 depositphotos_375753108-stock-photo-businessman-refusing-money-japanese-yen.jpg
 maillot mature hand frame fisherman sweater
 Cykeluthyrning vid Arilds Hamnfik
+++
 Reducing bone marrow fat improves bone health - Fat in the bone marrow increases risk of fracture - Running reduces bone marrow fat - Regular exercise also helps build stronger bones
+++
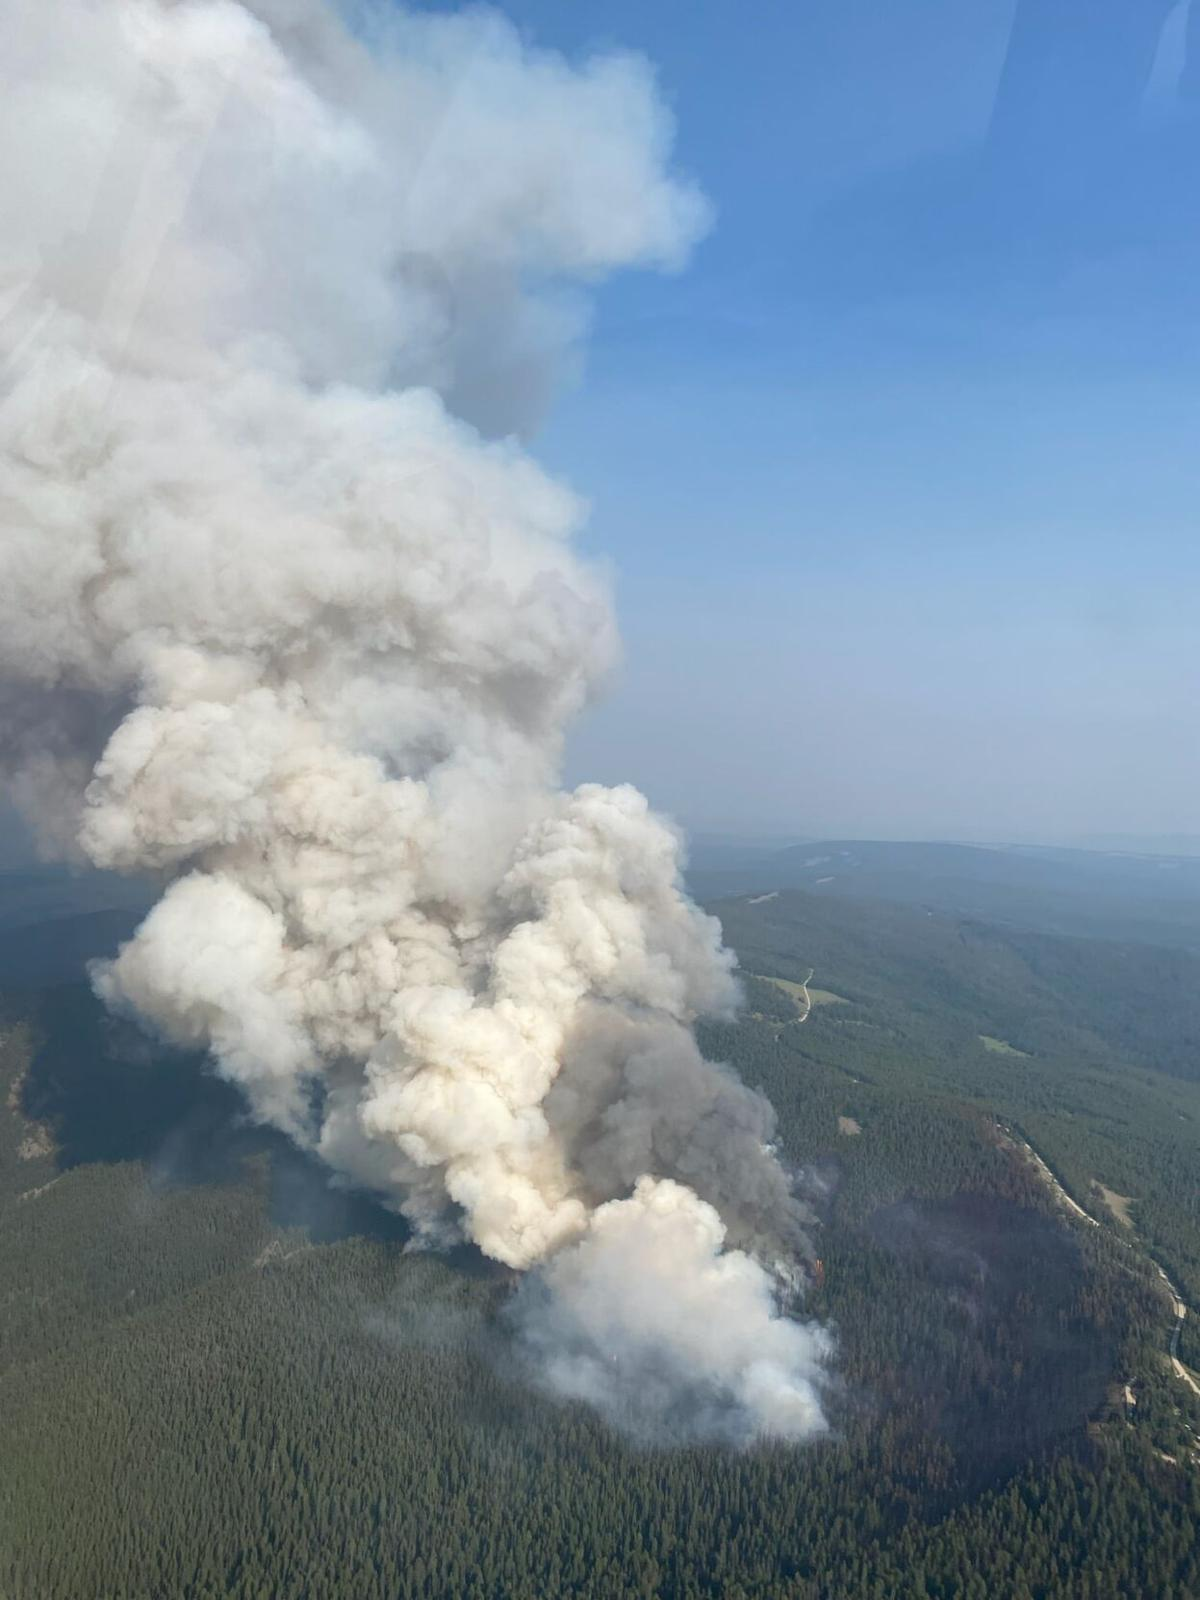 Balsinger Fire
+++
What is required >>
The entries above hold the needed span. Transcribe exactly the lines from the one with "maillot mature hand frame fisherman sweater" to the one with "Cykeluthyrning vid Arilds Hamnfik", both included.

Reply to the task >>
 maillot mature hand frame fisherman sweater
 Cykeluthyrning vid Arilds Hamnfik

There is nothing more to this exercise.